**ASSIGNMENT:** Copy, exactly as written, the lines that begin at the one containing "Esquire Men's Jewelry" and end at the one containing "Brendon Mccullum Retirement: The". Skip any pictures in the data below.

**RECORDS SUPPLIED:**
__________________________________________________
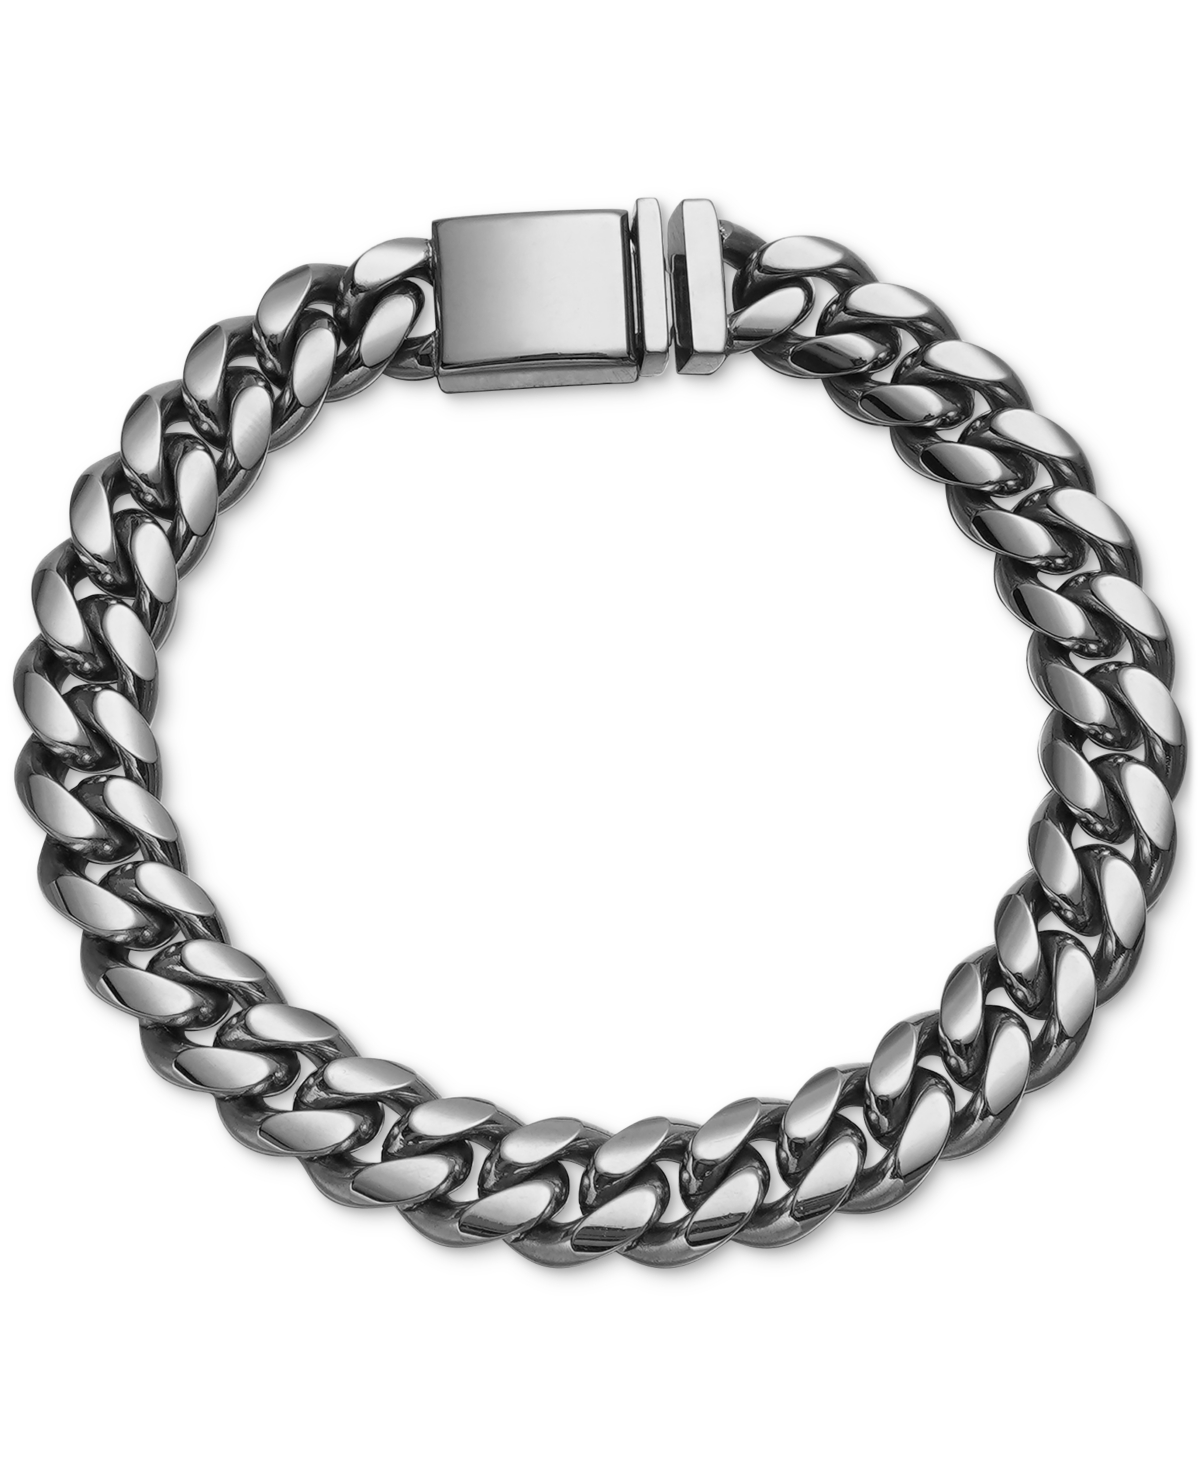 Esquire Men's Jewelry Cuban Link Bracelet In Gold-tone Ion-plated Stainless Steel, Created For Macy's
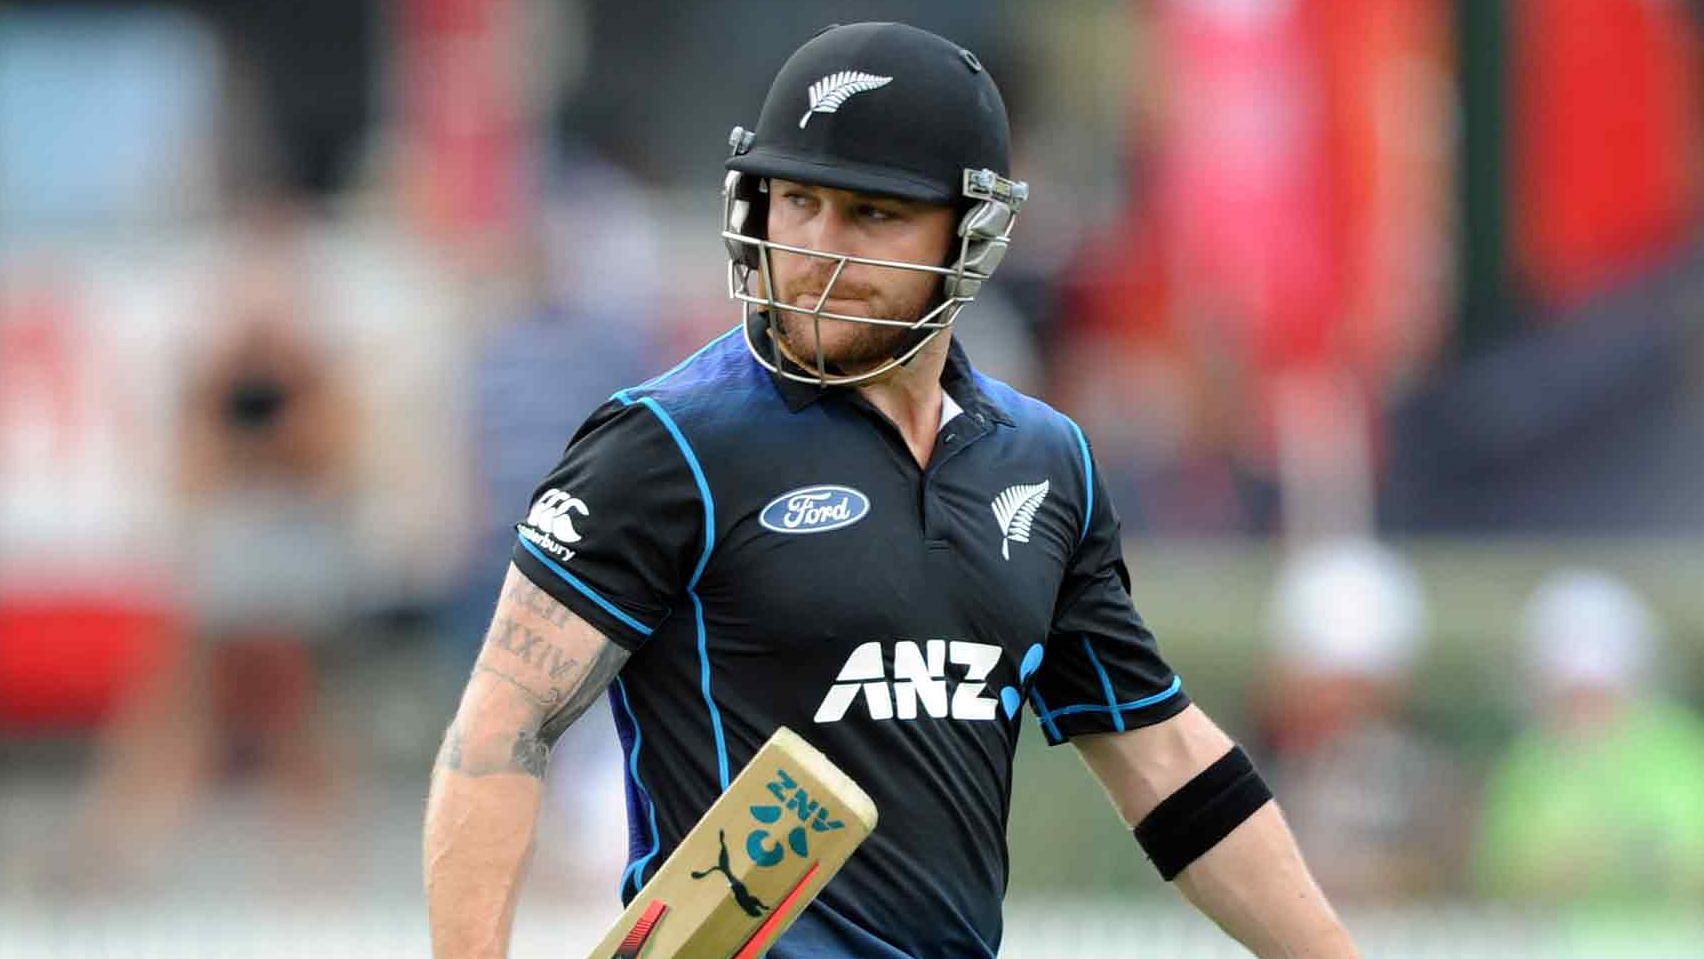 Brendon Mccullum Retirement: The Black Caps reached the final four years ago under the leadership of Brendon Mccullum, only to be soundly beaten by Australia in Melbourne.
__________________________________________________
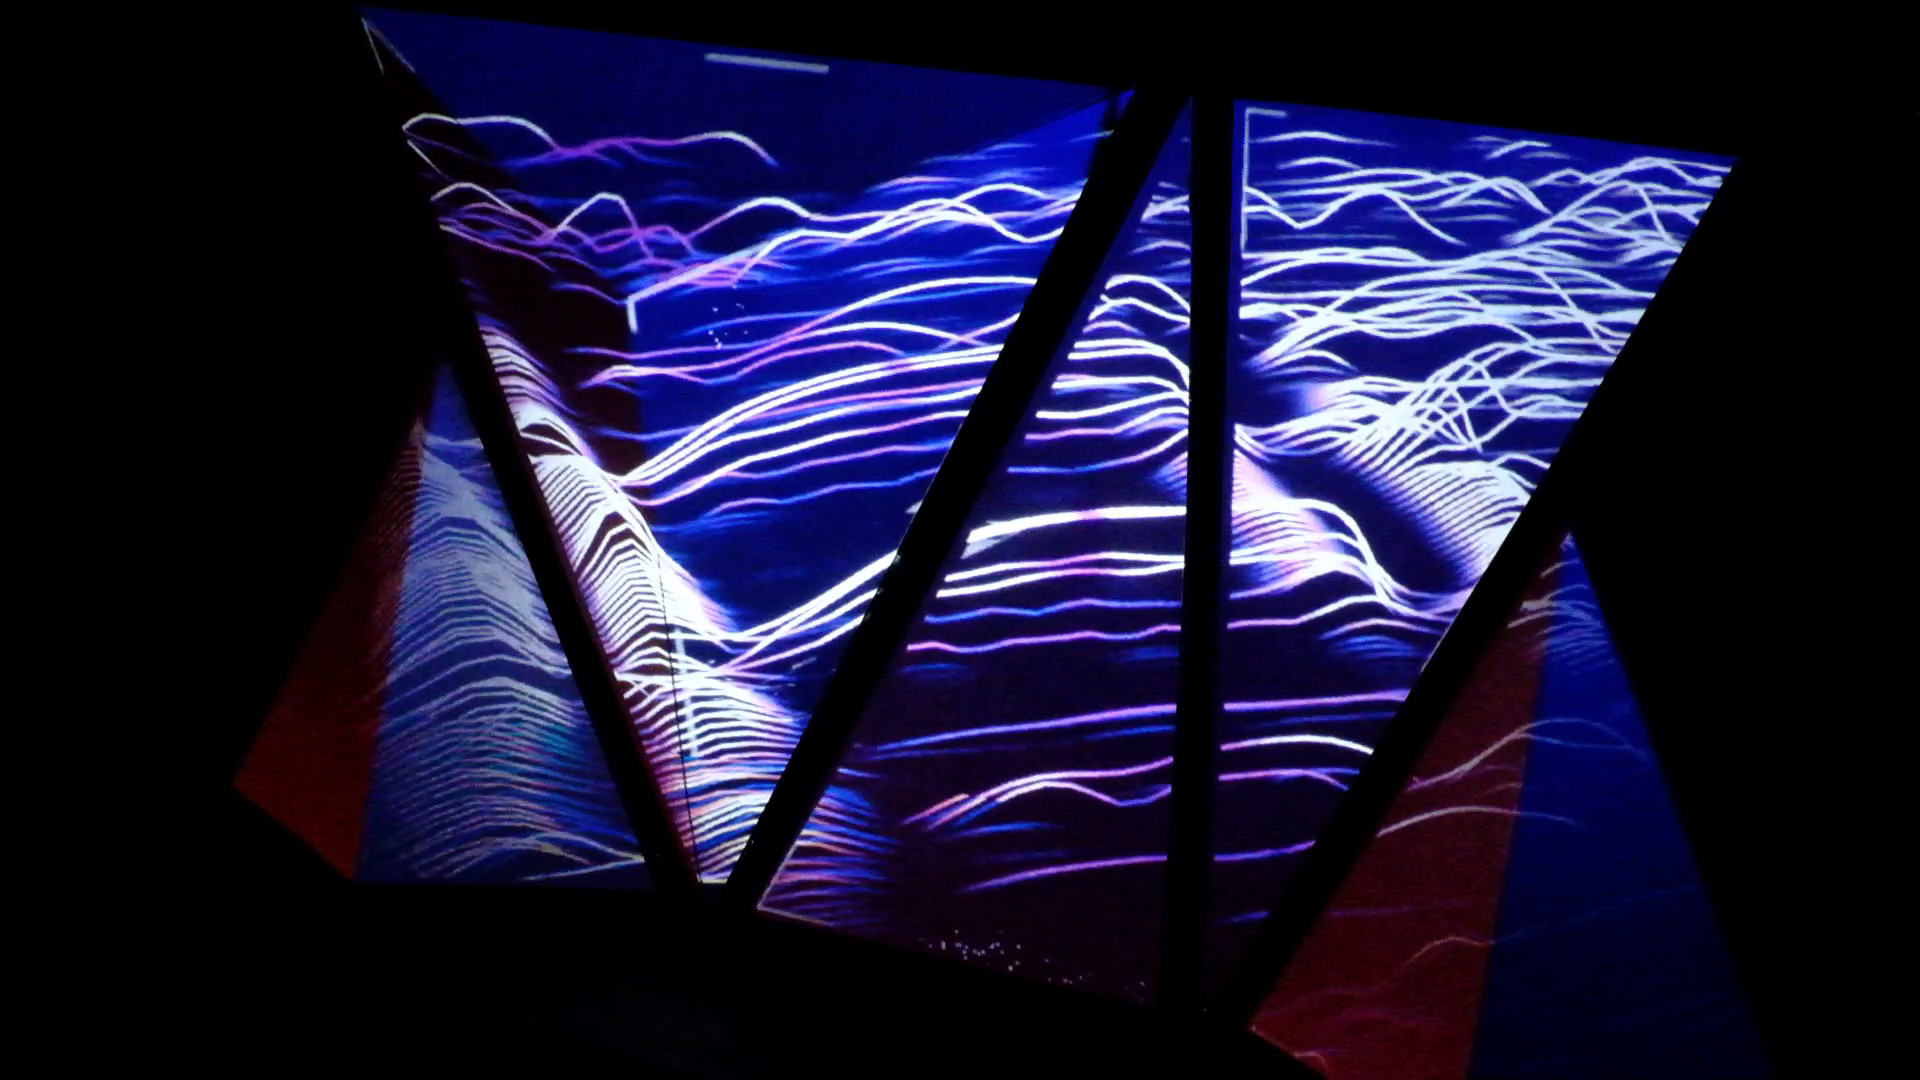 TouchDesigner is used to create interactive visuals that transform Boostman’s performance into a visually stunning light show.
__________________________________________________
**WORKED SOLUTION:**
 Esquire Men's Jewelry Cuban Link Bracelet In Gold-tone Ion-plated Stainless Steel, Created For Macy's
 Brendon Mccullum Retirement: The Black Caps reached the final four years ago under the leadership of Brendon Mccullum, only to be soundly beaten by Australia in Melbourne.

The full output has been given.